**EXERCISE PROMPT:** Every line of the data below must be output exactly, with images left out.

**GIVEN INFORMATION:**
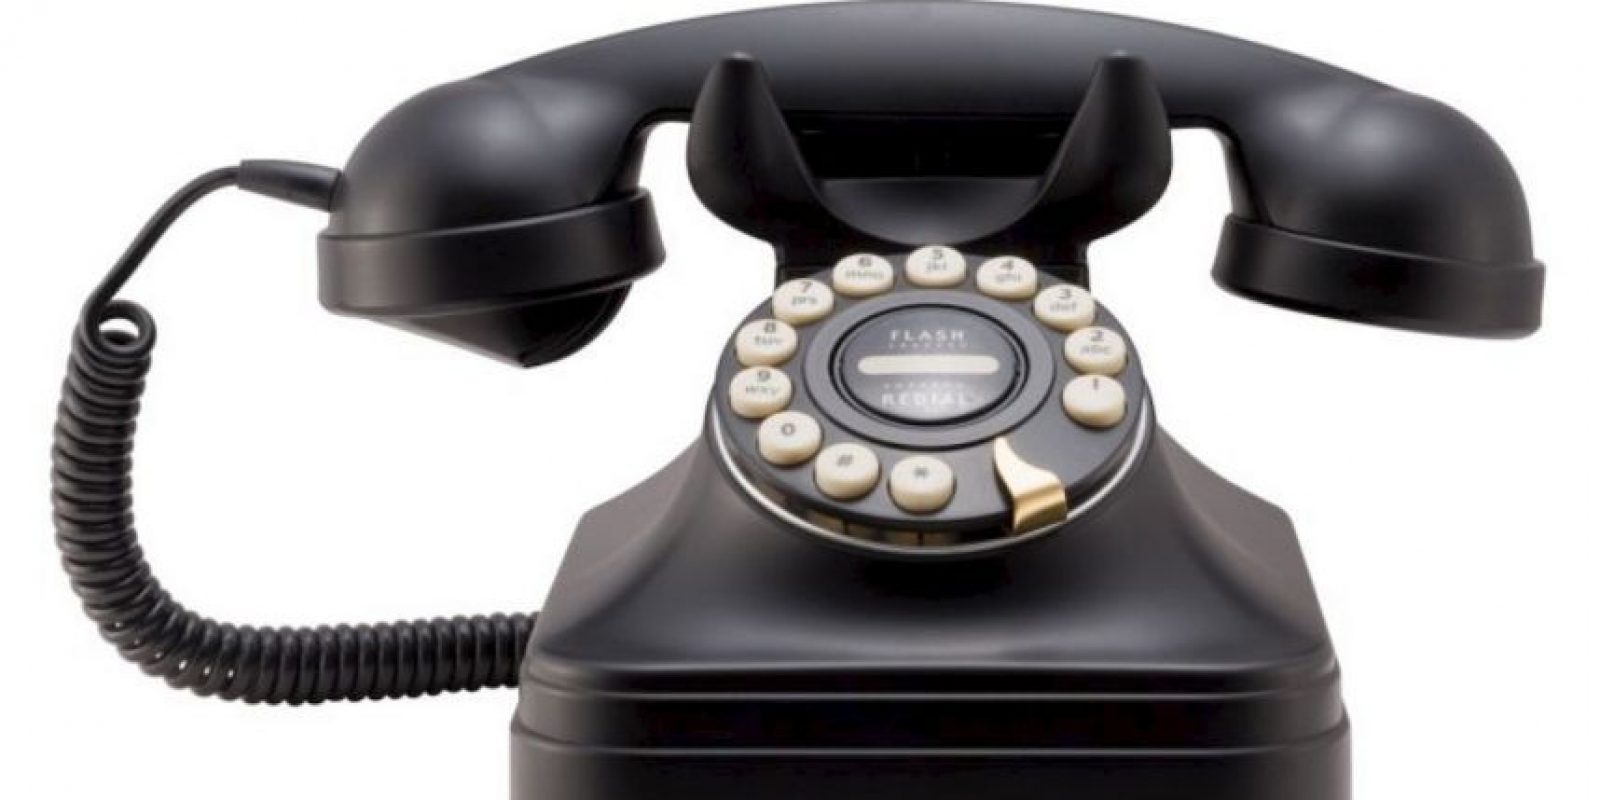 2. Un muerto llama por teléfono Foto:Wikimedia
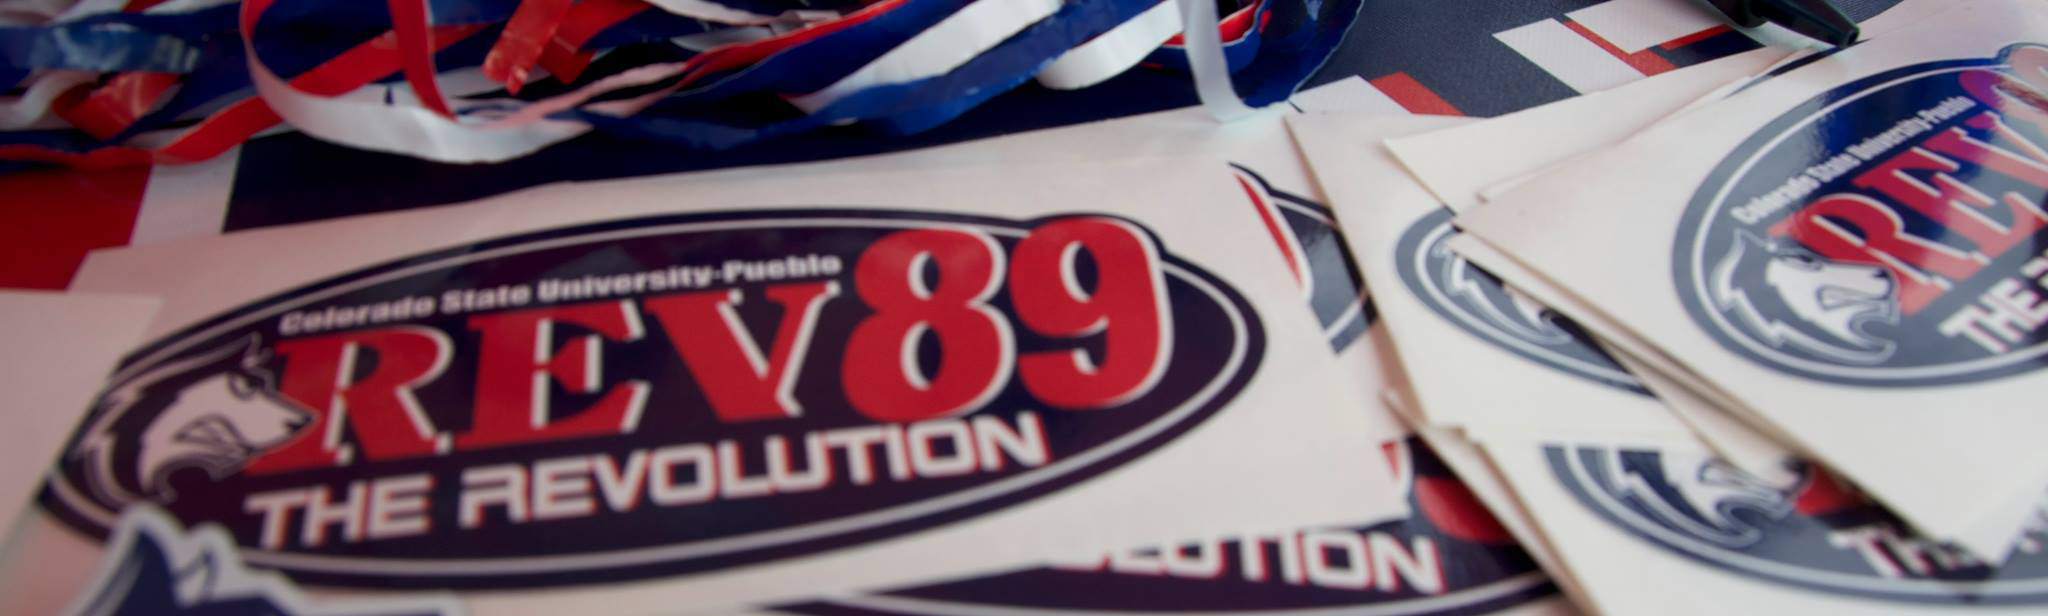 REV 89 FM
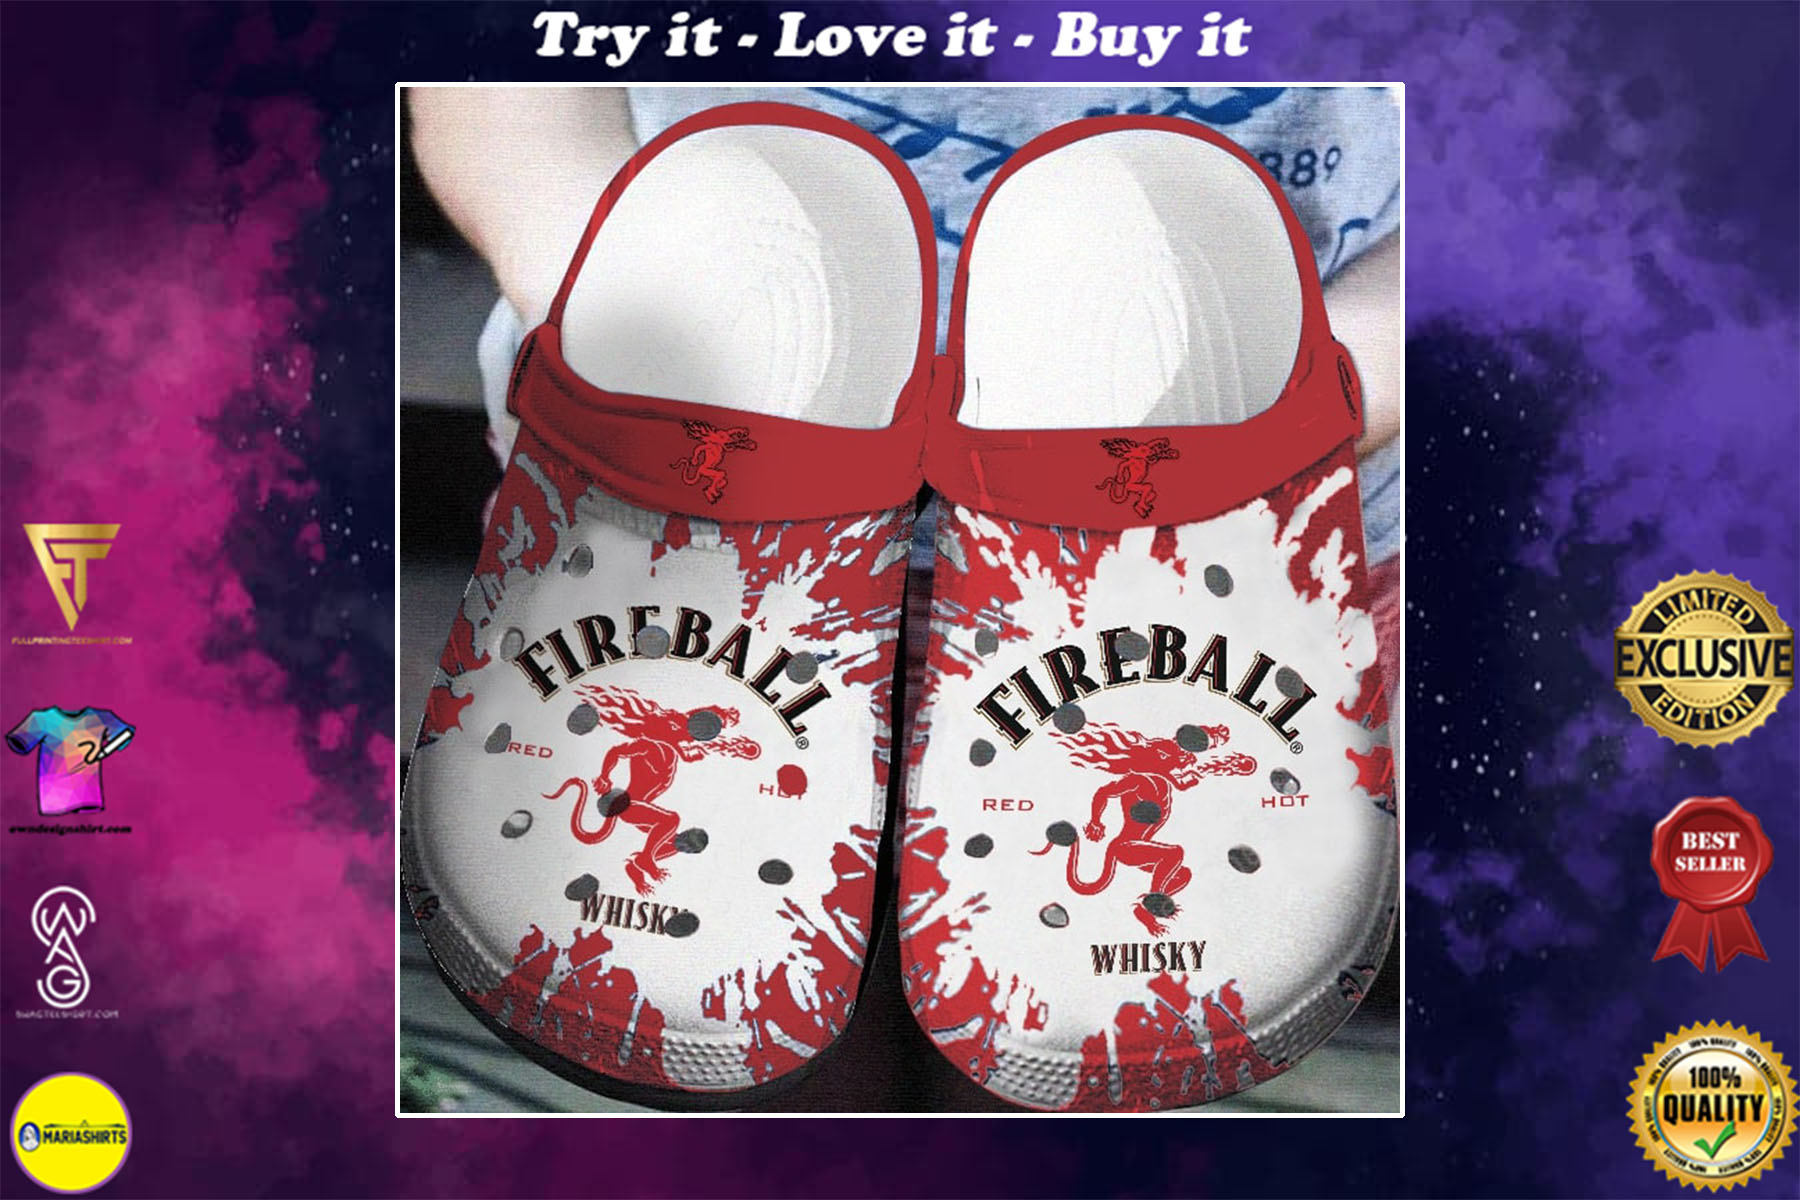 [special edition] fireball cinnamon whisky crocs shoes - maria
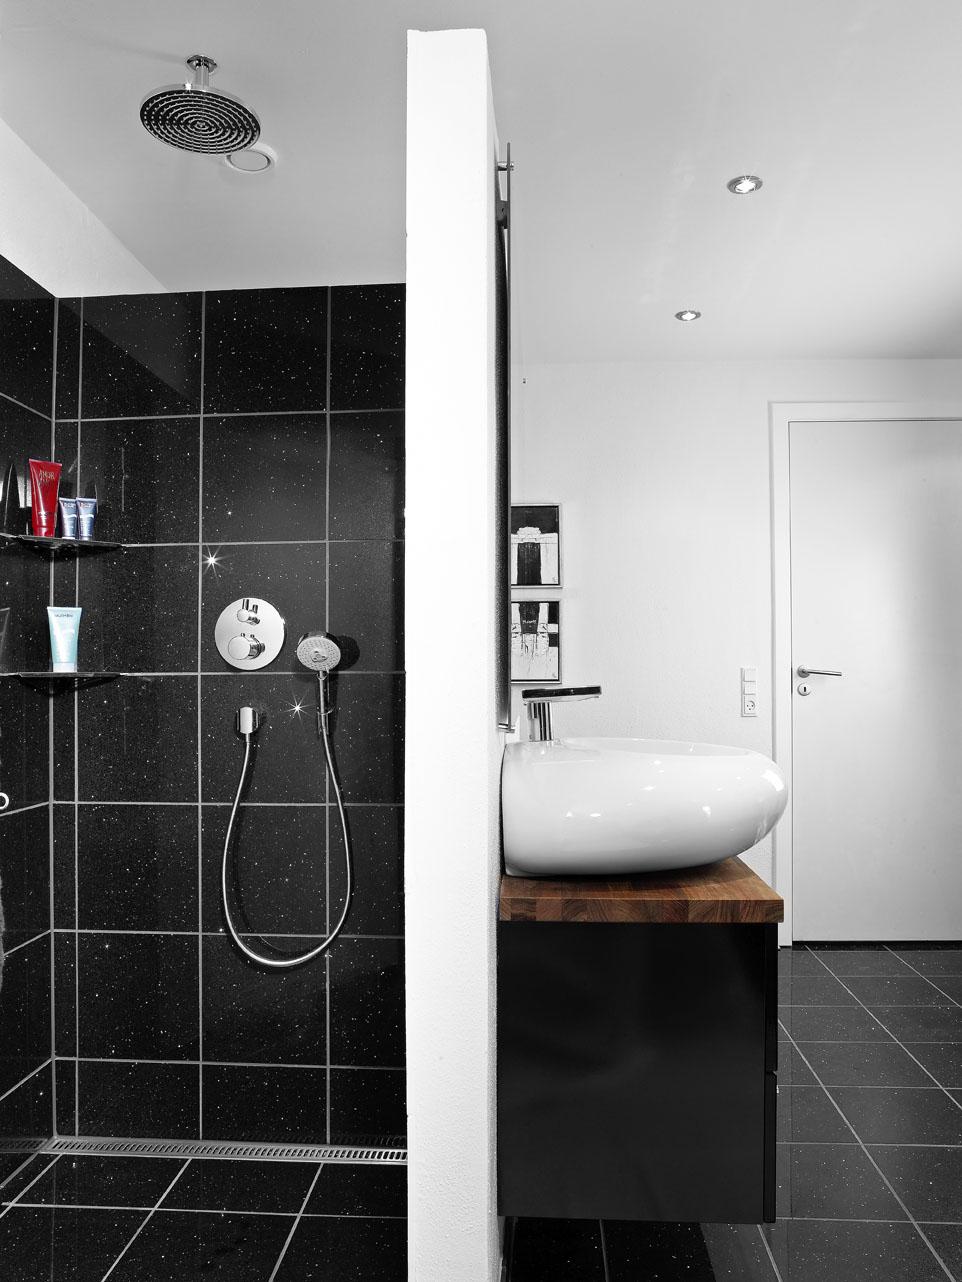 Wet Room Materials, trading name of Advanced Materials Ltd

**THE ANSWER:**
 2. Un muerto llama por teléfono Foto:Wikimedia
 REV 89 FM
 [special edition] fireball cinnamon whisky crocs shoes - maria
 Wet Room Materials, trading name of Advanced Materials Ltd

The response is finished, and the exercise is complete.